China has no specific regulations for health data privacy protection. Several restriction rules to prohibit privacy disclosure scatter in China Civil Code (CCC), Medical Practitioners Act of the PRC (MPAPRC), and Regulations on Medical Records Management in Medical Institutions (RMRMMMI), which make privacy disclosure restrictions to individuals, medical practitioners, and medical institutions, respectively. CCC specifies 9 categories of personal information to be protected, including name, birthday, ID number, biometric information, living address, phone number, email address, health condition information, and position tracking information. RMRMMMI only approves reuse of health data just for medical care, teaching, and academic research. Recently, the Personal Information Protection Law of the PRC (PIPILRC) [ 24 ] is released and will come into force on November 1, 2021. This is the first complete and comprehensive regulation on personal information protection. In this regulation, the definition of sensitive personal information and automatic decision making both involve health data, so, this regulation is applicable to privacy protection of health data. According to this regulation, secondary use of deidentified or anonymized health data for automatic decision making is permitted, and data processing consent from consumers is also required. This regulation, so far as can be foreseen, will greatly stimulate the exploitation and exploration of health big data.

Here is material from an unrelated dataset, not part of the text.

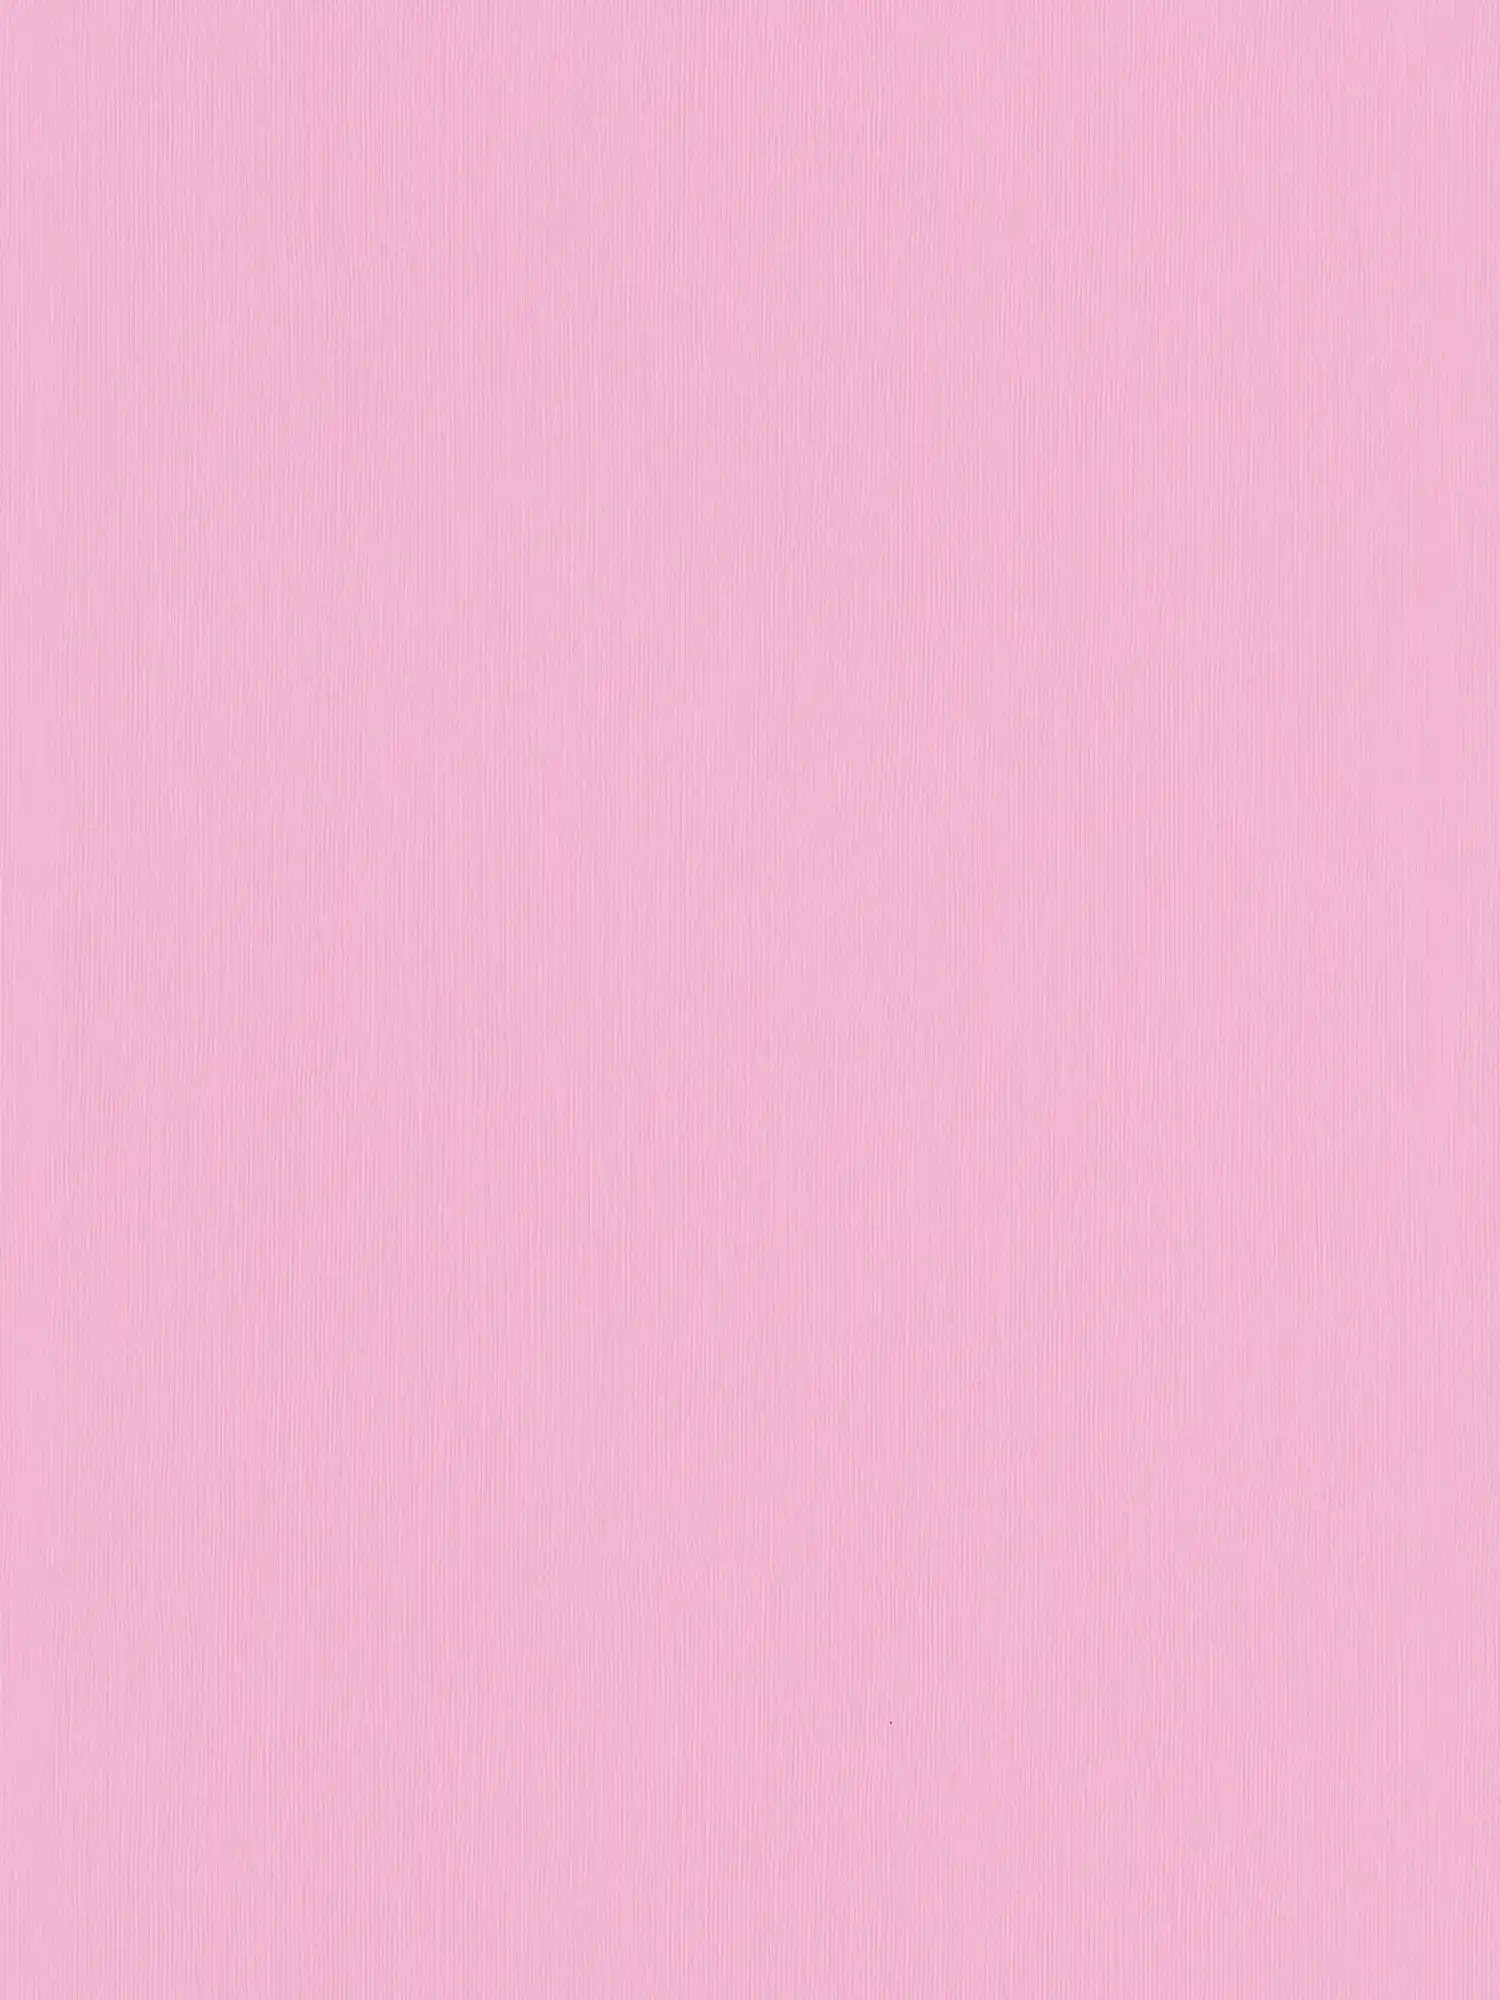 Papel pintado rosa liso con textura en relieve - Rosa

According to the comparison of these data privacy relevant regulations, shown in Table 3 , PIPEDA and GDPR and the newly released PIPILRC can cover both clinical data and consumer health data, and others pay the majority of attention to clinical data. Health data need to be reused for multiple important purposes. In fact, health data processing and reusing are never absolutely prohibited in the regulations mentioned above, as long as privacy protection is achieved as the important prerequisite. In this respect, HIPAA sets Safe Harbor rules to make sure PHI be removed before the health data is released to a third party. Furthermore, PIPEDA and GDPR require consumers' consent for data processing. Regulations from China also encourage health data to be reused in certain restricted areas. As the newcomer, PIPILRC presents a more complete and comprehensive guidance to protect and process health data.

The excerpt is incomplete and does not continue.